* [Work to complete] The reply should be an exact repeat of the listing, with no pictures in it.

* [Information supplied]
*****
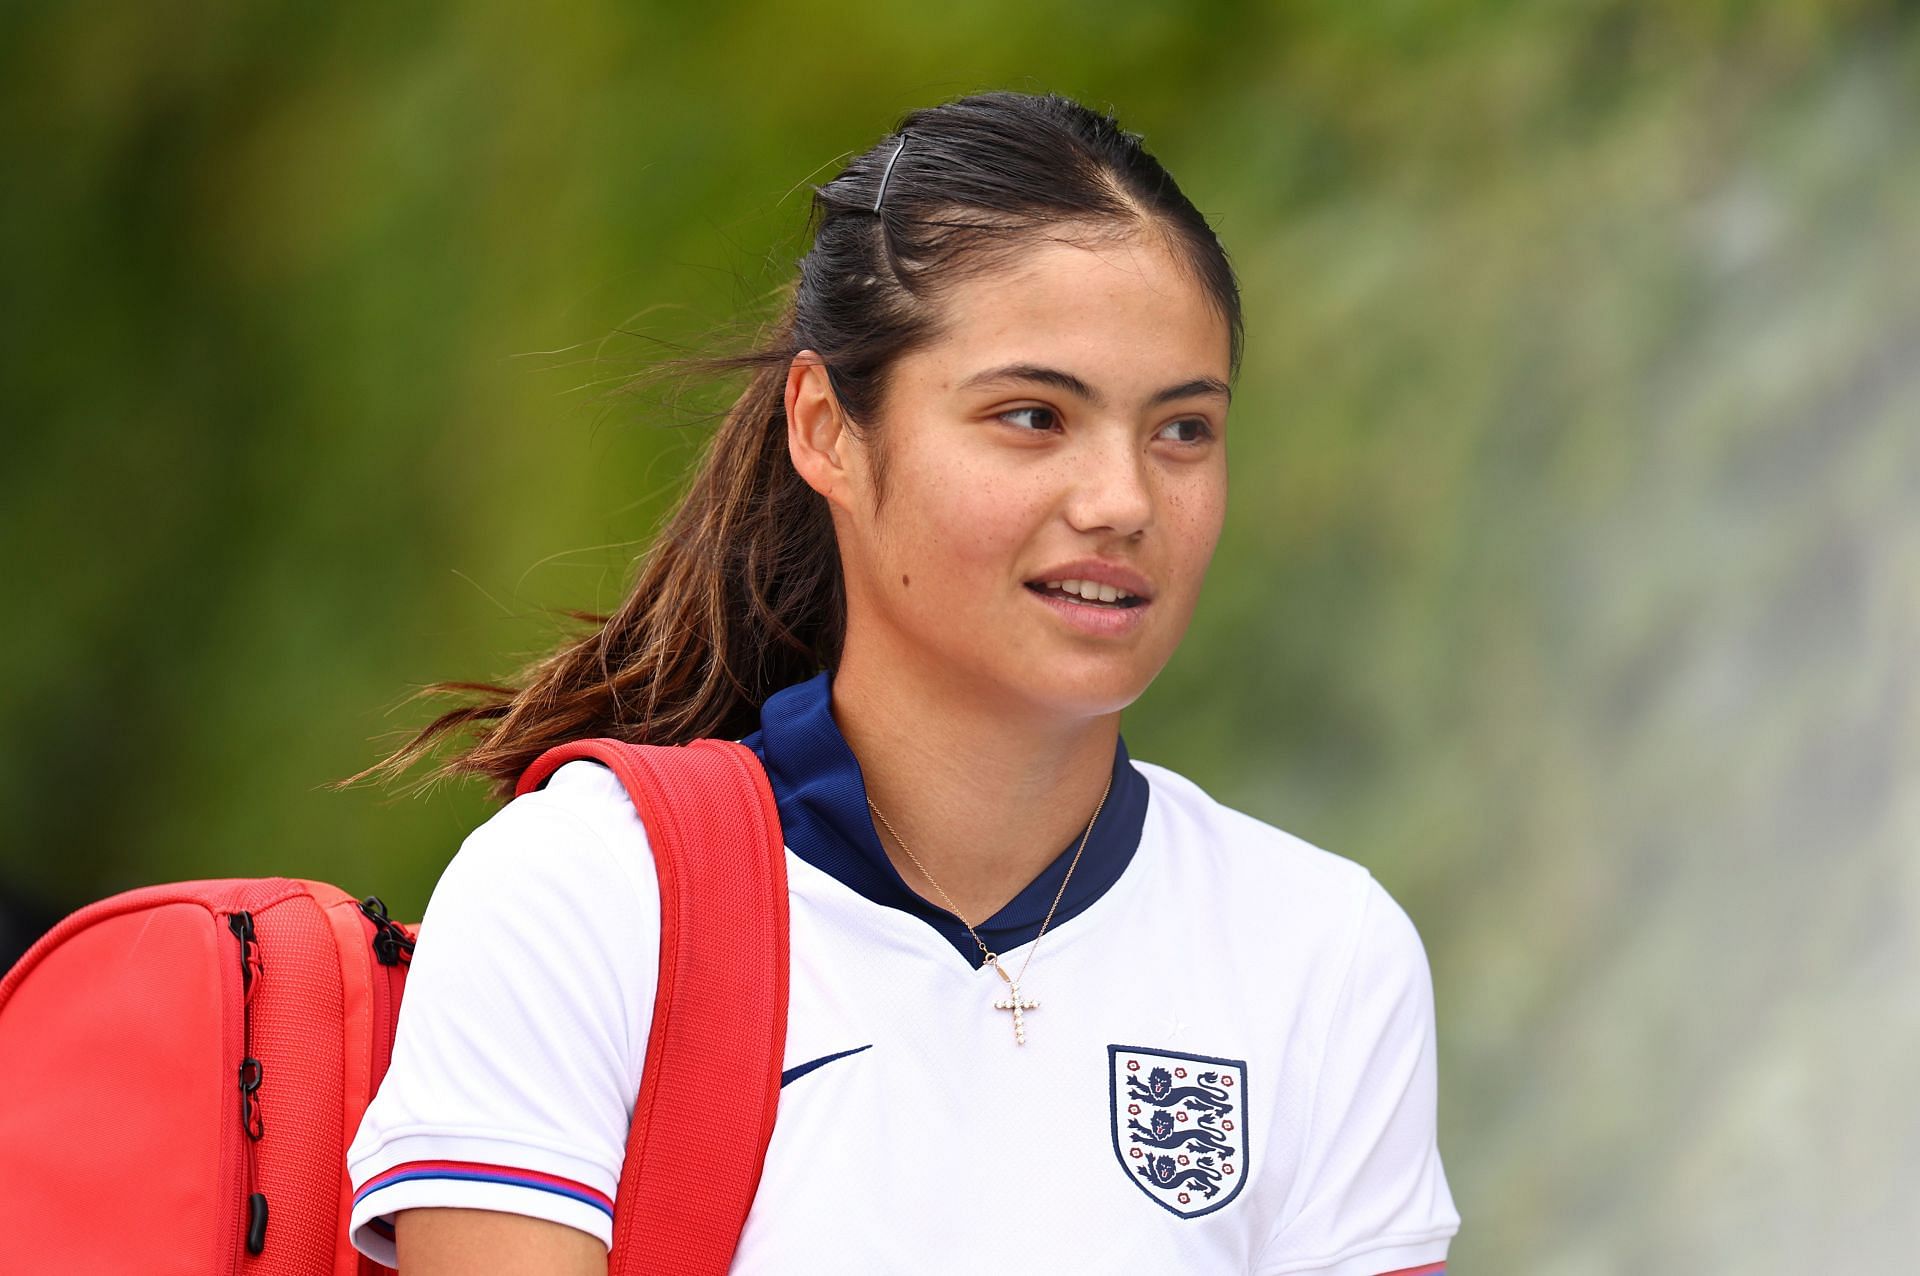 In Pictures: Emma Raducanu gets into the Euro 2024 spirit at Wimbledon, sports England jersey in practice ahead of RO16 clash against Slovakia
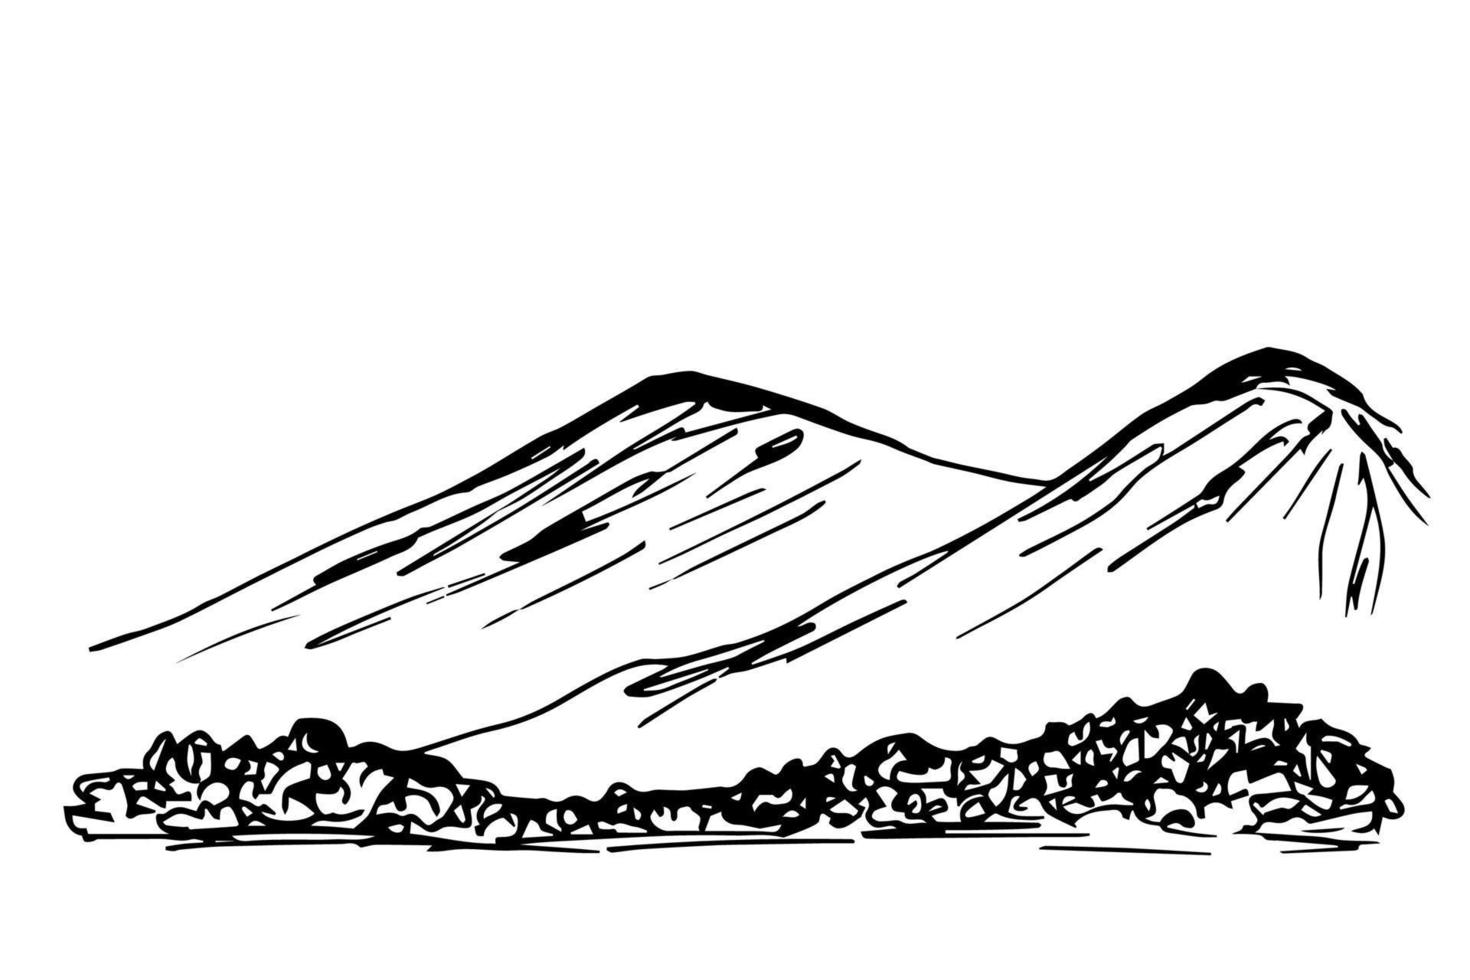 Hand-drawn simple vector landscape in black outline. Trees, bushes in the foreground, mountains on the horizon, hills. Wildlife, tourism, nature, travel.
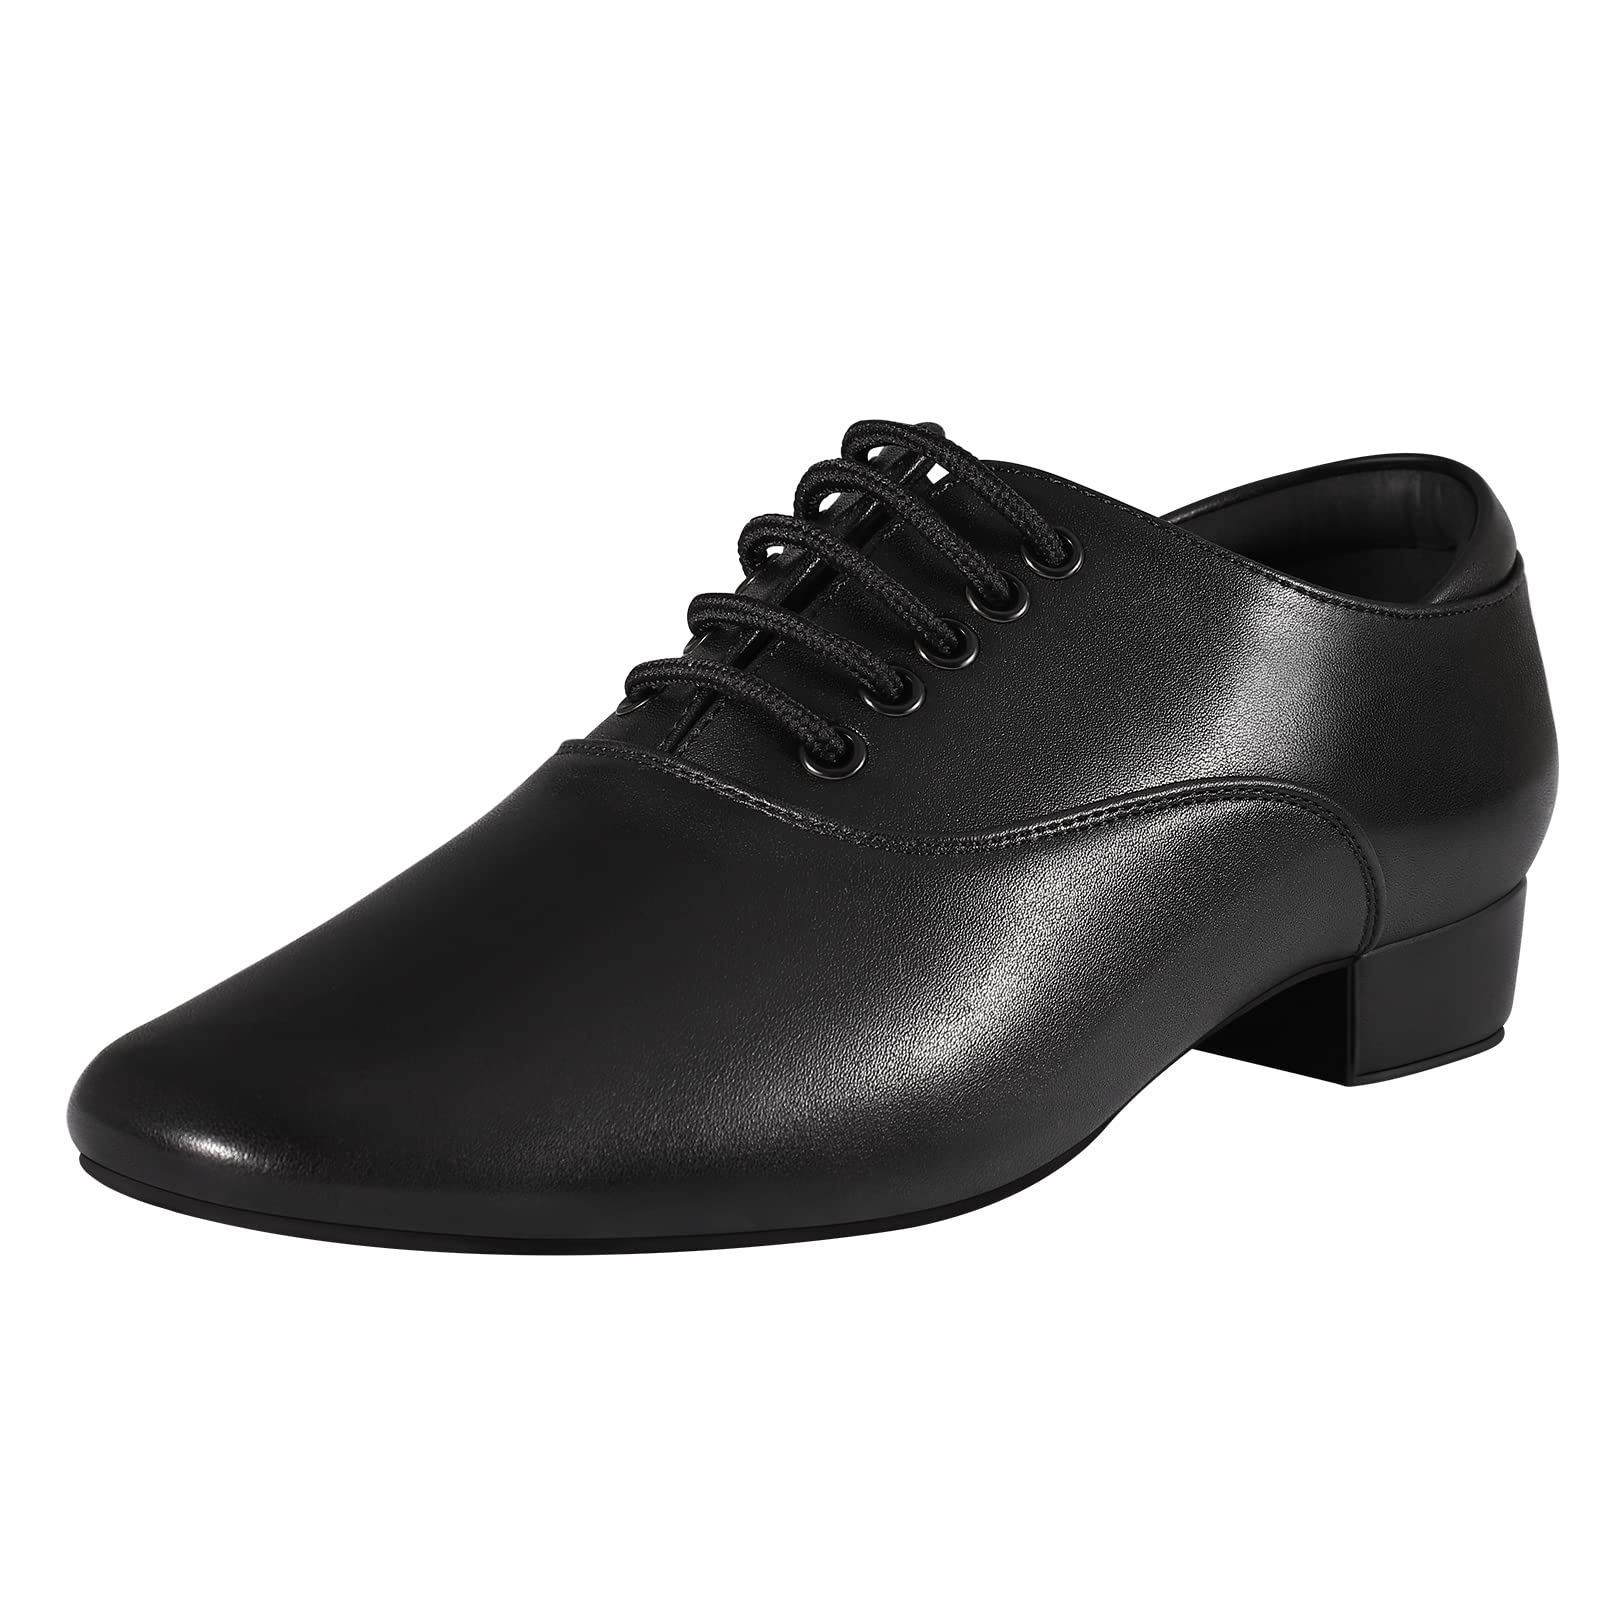 Black Ballroom Dance Shoes Leather Character Shoes for Men's Salsa Latin Tango Dancing
*****
* [Reply]
 In Pictures: Emma Raducanu gets into the Euro 2024 spirit at Wimbledon, sports England jersey in practice ahead of RO16 clash against Slovakia
 Hand-drawn simple vector landscape in black outline. Trees, bushes in the foreground, mountains on the horizon, hills. Wildlife, tourism, nature, travel.
 Black Ballroom Dance Shoes Leather Character Shoes for Men's Salsa Latin Tango Dancing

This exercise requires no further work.